I also believe in a pulp and paper "populism" of sorts. I see no distinction between employees that work for pulp and paper manufacturers or suppliers to those manufacturers, be those suppliers of chemicals, clothing, machinery, clay, services or anything else of which you can think. In fact, the suppliers, if anything, are in a tougher position than the basic manufacturers for they are depending on the management of the pulp and paper companies to make the right decisions to keep the producers viable. In the long run, I think the continuous short term maltreatment of some suppliers has caused them to give up on the industry, go elsewhere and reduce the competitive offerings available to the basic pulp and paper manufacturers. In many ways, suppliers in some areas have been fighting a war of attrition, hoping to be the last one standing so they can charge the mills whatever they please. This is not good for the mills or the industry as a whole. Thus, over the years, I have had little use for organizations that attempt to make a distinction between employees of suppliers and employees of basic pulp and paper manufacturers. We are all in this together.

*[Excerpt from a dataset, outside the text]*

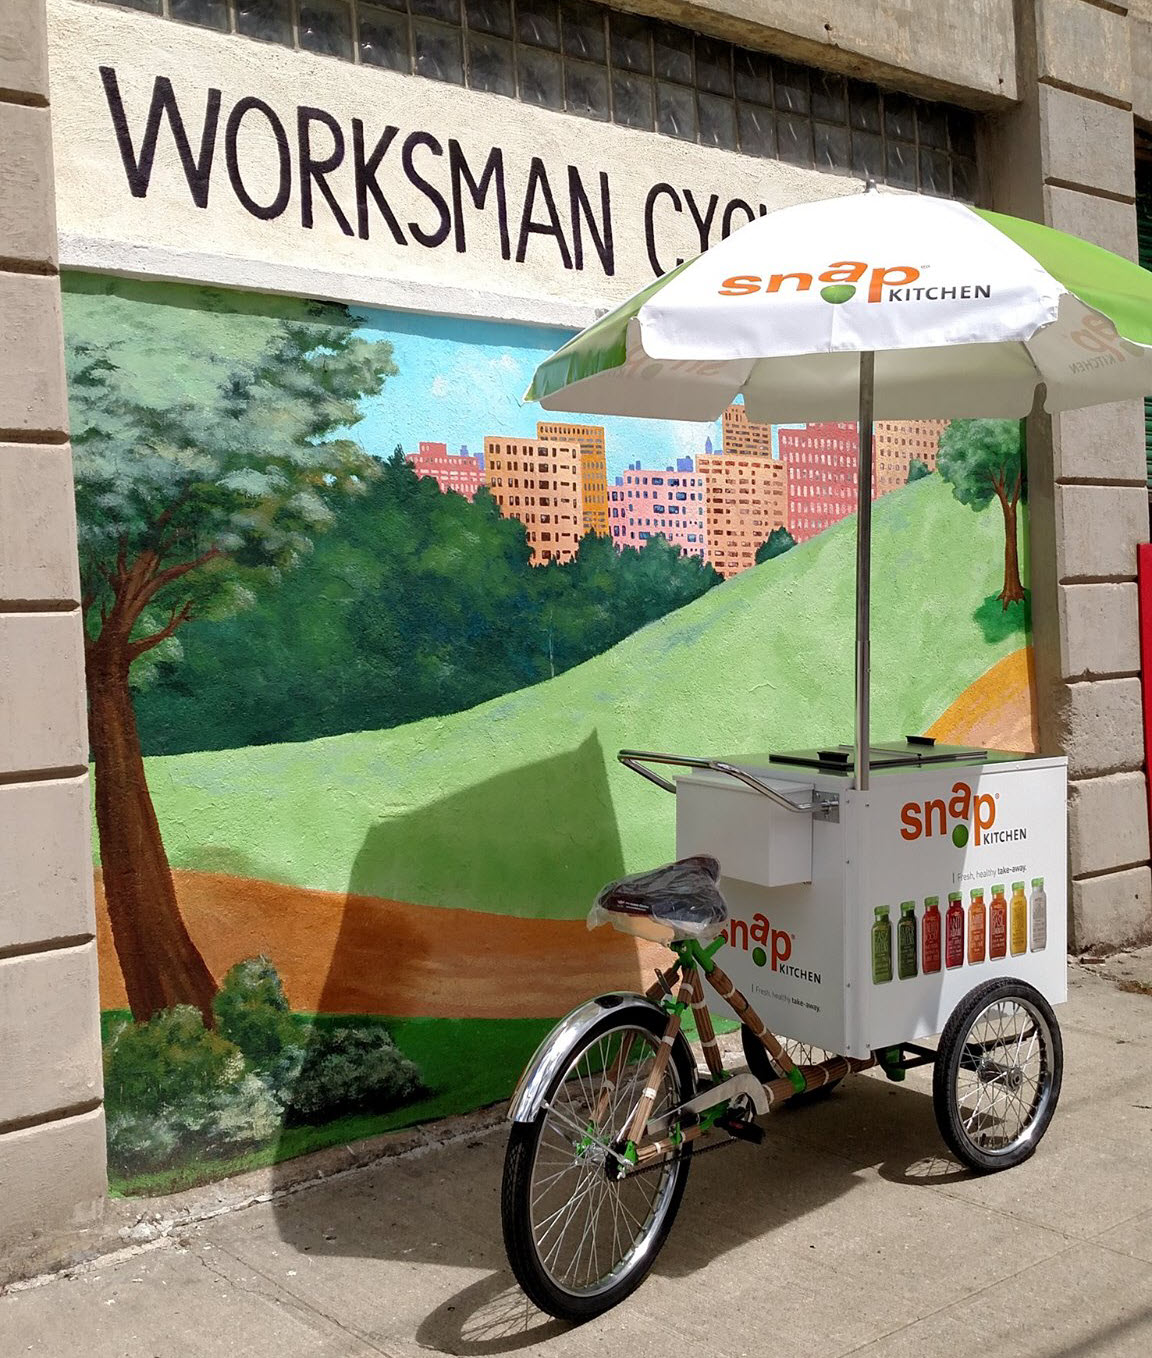 ice cream tricycle

In the second paragraph above, I used only one adjective to qualify the people I support: energetic. I have no use for the lazy, the narcissistic, or the corrupt. We have many mills and supplier organizations that have some of these types in them and they are a cancer on us all--rotten apples tainting the whole barrel. However, let me make a further distinction and say that we do have room for the infirm and limited skills people that are energetic. We have plenty of good jobs they can do. And, it goes without saying that in the modern world, there is no room for prejudices amongst the human beings we work with each day.

I think there is a special place for the dreamers and the creative. The pulp and paper industry can afford only a few of these (again, as long as they are energetic) and they are vital to moving the industry forward. Stated another way, we cannot afford to be without a few dreaming and creative types, for they are our path to the future.

Again, my influence is tiny to non-existent, but you now have in one place my statement of loyalty to our great industry. I hope you readers will keep me on the straight and narrow in the future should you think I am straying from this.

Loyalty to our employees is why we talk about safety each week. Our hardworking, energetic employees deserve safe working conditions, but also must accept their own portion of the responsibility for them.